It turns out my inbox is straining under the weight of unread emails and ‘winks’, most of which come either from Saudi Arabia or from people who look like they spend their spare time
organizing hamster-baiting rings.

Reluctantly, I open the first email. It’s from somebody called CaringGent4U. He’s five foot five, fifty-one and has no picture, which, frankly, is the best thing about his
profile.

Hello there! I was struck by such an attractive woman as you undoubtedly and undeniably are. I imagine you have been deluged with mail off of admirers on
this website! You sound quite an intriueging lady, a very intriueging lady in fact – with a ‘playful’ and ‘light’ attitude to life if I may be so bold! As for me,
if you give me your email address I will send you some photographs, though they don’t do me justice as I am constantly being told what a handsome and charming gentleman I am in the flesh!
I am also very, very intelligent and have refurbished my home to a high standard! In summary, I am an impressive man and we would be a very good match. I am currently in waiting for my boiler
to be serviced so it would be a pleasure to hear from you!
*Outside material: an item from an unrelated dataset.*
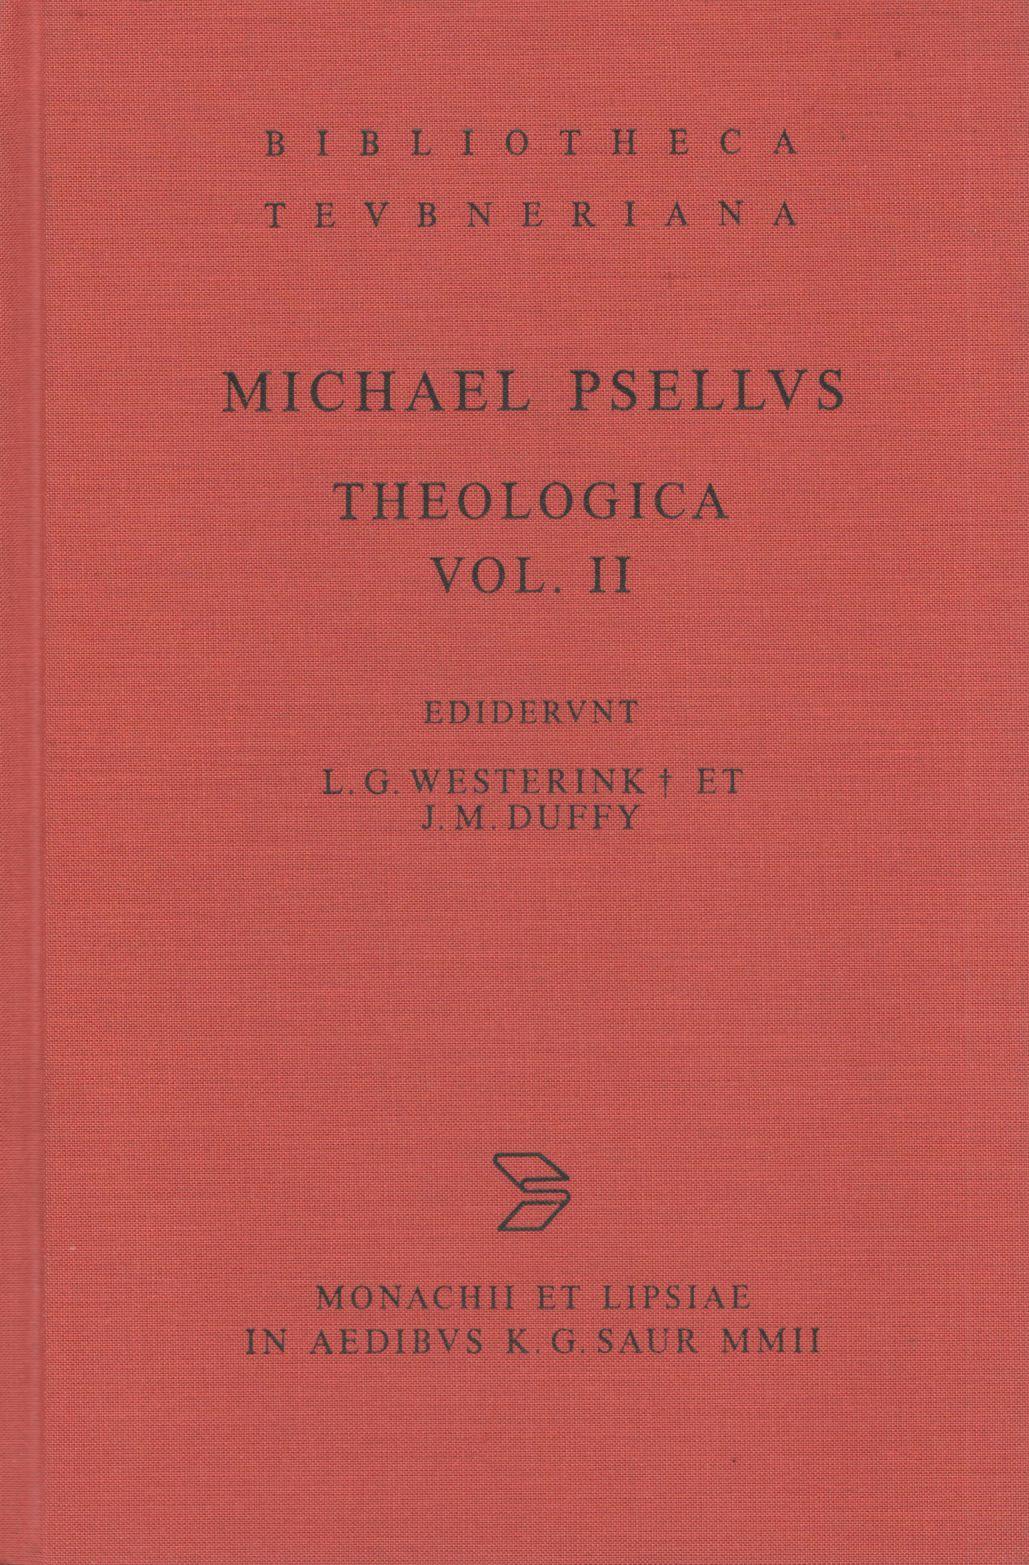 MICHAELIS PSELLI THEOLOGICA VOL. II

I groan and open the next one, from someone called MrLoveRocket.

Hey bbe – wanna chat?

‘That is the most depressing thing I’ve ever read,’ I mutter.

Jen sniggers.

‘Why are you so upbeat?’ I ask suspiciously. ‘I didn’t think you were seeing anybody.’

She takes a deep breath. ‘I wasn’t. I’m not. But I . . . I fancy somebody. It’s almost as enjoyable.’

My eyes widen. ‘And?’

‘He’s a doctor who’s just started in our paediatrics department. He’s thirty-seven and has eyes to die for and a bum to die for and—’

‘Muscles?’ I venture.

She pauses and looks into the middle distance. ‘Actually –’ she frowns – ‘I’m not sure he has got muscles.’ She shakes her head. ‘The point is
that he’s lovely. And we’ve been for coffee. And he’s asked for my number.’

‘And?’

‘And it’s absolutely bloody well killing me not texting him to ask him out!’ she screams.

I sit back in shock. ‘Why haven’t you?’

‘I’ve been reading Ellie’s book,’ she says earnestly.

‘Ah . . . the dating book.’

‘It’s called
Make Him Fall for You
.’ Not quite the title Ellie had remembered. ‘It says that asking a guy out, or even texting, or in any way coming on strong, is
against the rules. Which I hate. I can’t even tell you how much I hate it. But . . . well, he does seem interested.’

Under normal circumstances I’d argue that that was outdated nonsense, but this is Jen we’re talking about. She needs all the encouragement I can give to follow this strategy.

‘Well, good girl,’ I reply, standing up. ‘Do you want another cup of tea? Stay for dinner, if you like.’

‘No . . . I’d better be off. I swore I’d go to the gym tonight. Thanks, anyway.’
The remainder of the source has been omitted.